After deploy, confirm with the monitor below — all rows should flip to "routed".
## Monitor (durable health-check)
`deployments/@domains/quinn.www/scripts/forms-health.sh` — runtime edge-routing
probe (browser-UA, detects SPA-shell fallback) + DB-freshness alert (flags 0
submissions in N days). Run standalone or on a timer:
```
bash scripts/forms-health.sh --db --days 30
```
Currently exits 1 with 7 failures (the 4 dead forms + 2 stale tables). After the
fix it should pass the routing section. Recommend wiring into `route-smoke.sh`
(deploy gate step 10.7) ONLY after the fix lands, so it doesn't block unrelated
deploys in the meantime.
## Deviation from the task ask (item 3) — Claire to adjudicate
The task asked for a full submit→DB→notify→cleanup **e2e per form**. We did NOT
build five passing full-stack e2e tests, and deliberately so:
- **You cannot write a *passing* full-stack e2e against a form that is dead at the
edge.** Four of five forms 405/SPA-fallback in prod; an honest e2e would just
re-assert the breakage — which `forms-health.sh` already does, more cheaply.
- **The "NO submission e2e" premise was partly stale.** `@features/api
__tests__/public-contact.test.ts` and `public-touring.test.ts` already POST
sentinel data and assert a real DB row. Re-creating those would rebuild the
exact false-confidence trap (green handler tests while prod is broken).
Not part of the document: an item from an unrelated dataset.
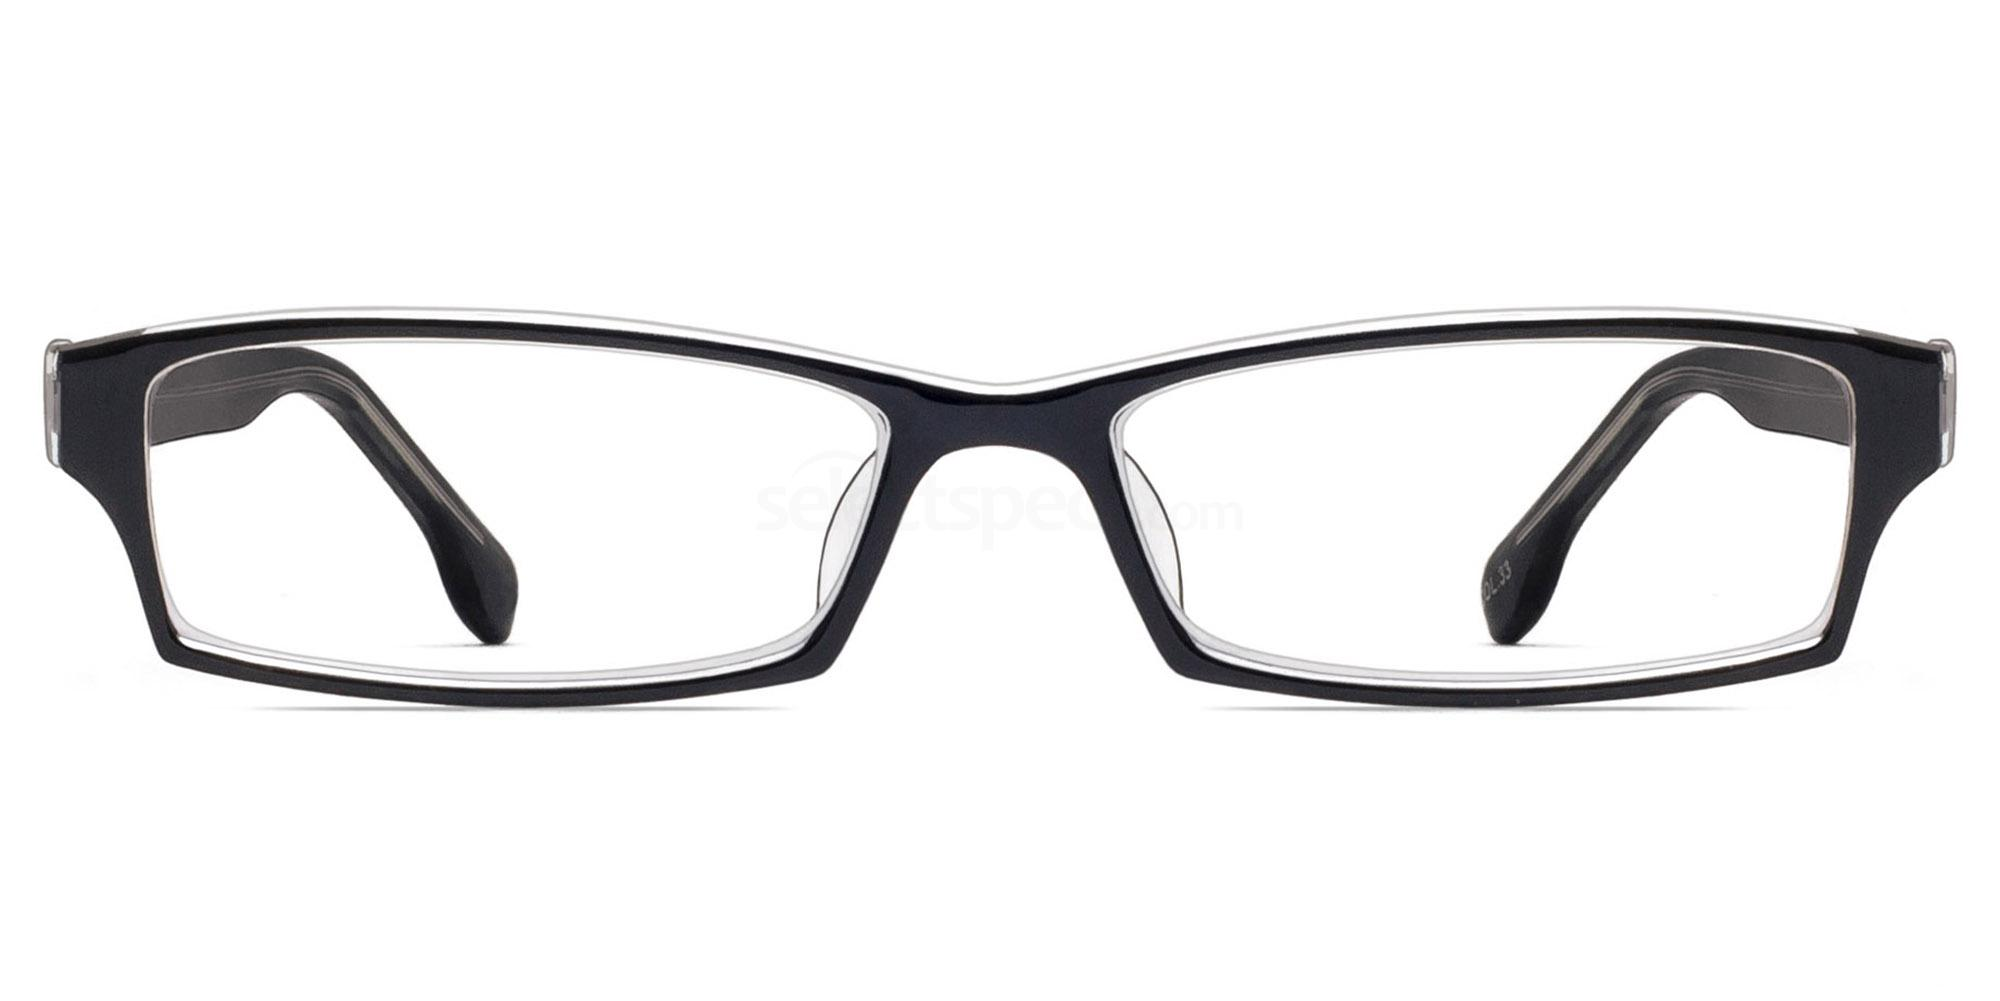 Col. 33 2381 - Black and Clear Glasses, Savannah

- We substituted a **runtime edge-routing monitor + DB-freshness monitor**
(`forms-health.sh`) — which catches the real failure class the existing tests
miss — plus this verdict.
**Genuine remaining e2e gaps** (build AFTER the routing fix lands, so they can be
green): roster-apply (proxy to quinn.my), booking public-intake end-to-end, shop-
newsletter, and an **"email fires" assertion** — none of the current tests assert
the notification/confirmation mailer is actually invoked. We did NOT live-POST the
routed endpoints (`/api/bookings`, `/newsletter/subscribe`) because each fires real
confirmation emails — per the gates, those must be proven with a stub mailer in a
bun integration test, never a live prod POST.
## What is NOT broken
- Backend handlers work when reached: `@features/api __tests__/public-contact.test.ts`
and `public-touring.test.ts` POST sentinel data and assert real DB rows; the lone
`contact_submissions` row (a curl smoke test) reached the handler directly and
persisted. The bug is purely the edge route, not the handler or the DB.
- The e2e specs (`root/e2e/*.spec.ts`) mock the backend (`utils/mock-backend.ts`),
which is why they pass despite production being broken — they cannot catch a
routing gap. `forms-health.sh` closes that blind spot.